The present invention can use analog and digital circuits, a
combination of analog and digital circuits, microcontrollers and/or
microprocessors including, for example, DSP versions, FPGAs, CLDs,
ASICs, etc. and associated components including, but not limited
to, static, dynamic and/or non-volatile memory, a combination and
any combinations of analog and digital, microcontrollers,
microprocessors, FPGAs, CLDs, etc. Items such as motion sensor(s),
photodetector(s)/photosensor(s), microcontrollers, microprocessors,
controls, displays, knobs, etc. may be internally located and
integrated/incorporated into the power conversion system or
externally located. The switches/switching elements can consist of
any type of semiconductor and/or vacuum technology including but
not limited to triacs, transistors, vacuum tubes, triodes, diodes
or any type and configuration, pentodes, tetrodes, thyristors,
silicon controlled rectifiers, diodes, etc. The transistors can be
of any type(s) and any material(s)--examples of which are listed
below and elsewhere in this document.
[0157] The present invention may use and be configured in
continuous conduction mode (CCM), critical conduction mode (CRM),
discontinuous conduction mode (DCM), resonant conduction modes,
etc., with any type of circuit topology including but not limited
to buck, boost, buck-boost, boost-buck, cuk, SEPIC, flyback, half
bridges, full bridges, forward-converters, linear regulators, etc.,
any or all of which can be bidirectional. The present invention
works with both isolated and non-isolated designs including, but
not limited to, buck, boost-buck, buck-boost, boost, cuk, SEPIC,
flyback and forward-converters. The present invention itself may
also be non-isolated or isolated, for example using a tagalong
inductor or transformer winding or other isolating techniques,
including, but not limited to, transformers including signal, gate,
isolation, etc. transformers, optoisolators, optocouplers, etc.
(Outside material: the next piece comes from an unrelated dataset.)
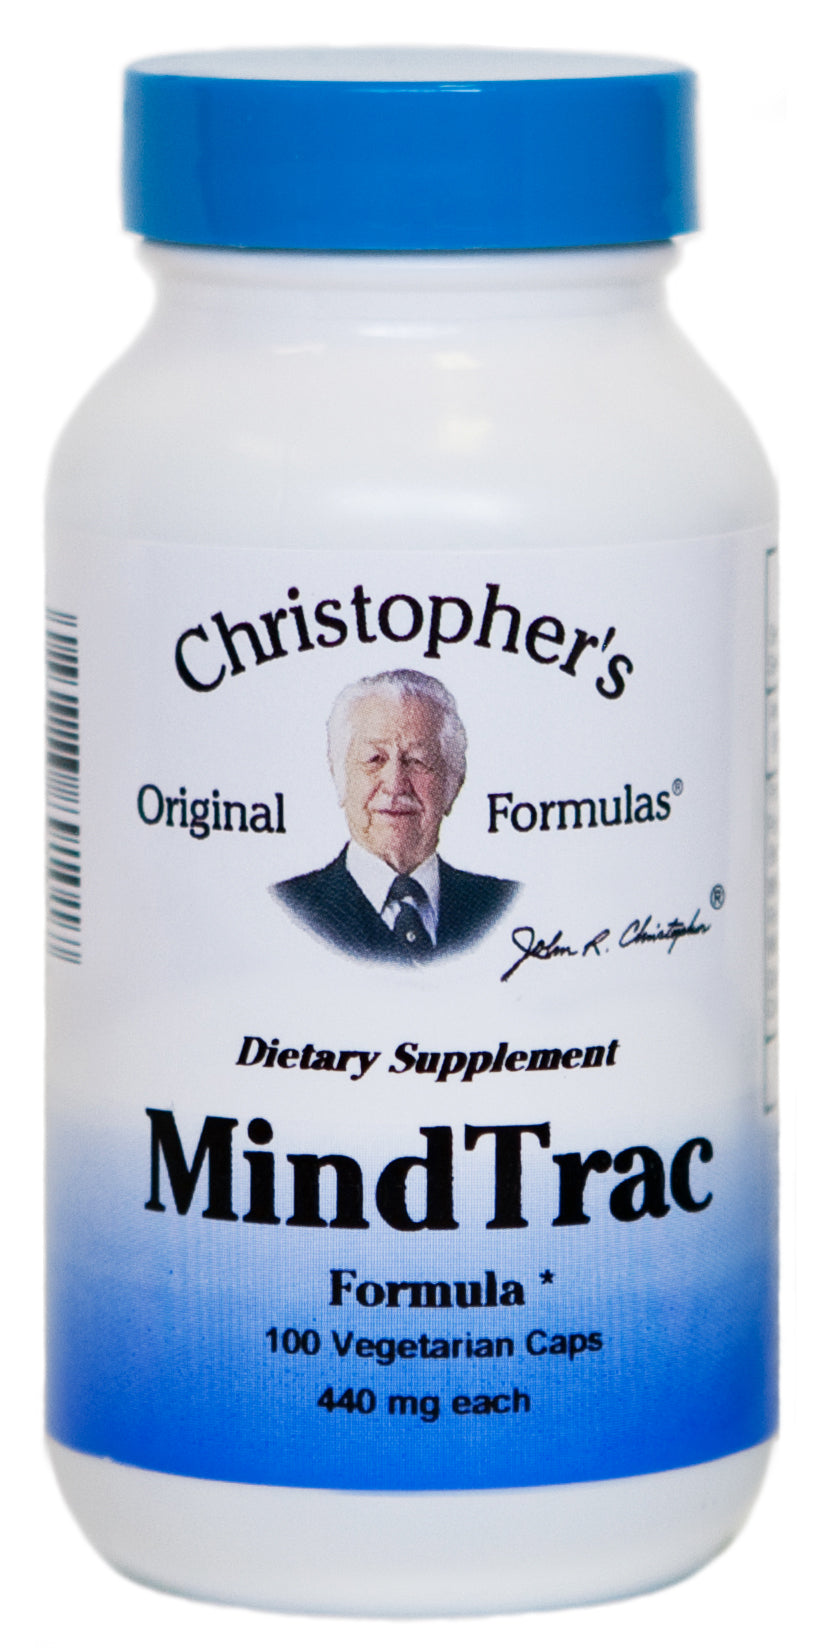 Dr. Christopher's MindTrac Formula

[0158] The present invention may include other implementations that
contain various other control circuits including, but not limited
to, linear, square, square-root, power-law, sine, cosine, other
trigonometric functions, logarithmic, exponential, cubic, cube
root, hyperbolic, etc. in addition to error, difference, summing,
integrating, differentiators, etc. type of op amps. In addition,
logic, including digital and Boolean logic such as AND, NOT
(inverter), OR, Exclusive OR gates, etc., complex logic devices
(CLDs), field programmable gate arrays (FPGAs), microcontrollers,
microprocessors, application specific integrated circuits (ASICs),
etc. can also be used either alone or in combinations including
analog and digital combinations for the present invention. Portions
of the present invention can be incorporated into an integrated
circuit, be an integrated circuit, etc.
[0159] The present invention can also incorporate at an appropriate
location or locations one or more thermistors (i.e., either of a
negative temperature coefficient [NTC] or a positive temperature
coefficient [PTC]) to provide temperature-based load current
limiting.
[0160] The present invention also supports overrides including
manual, automatic and programmed overrides as desired or needed.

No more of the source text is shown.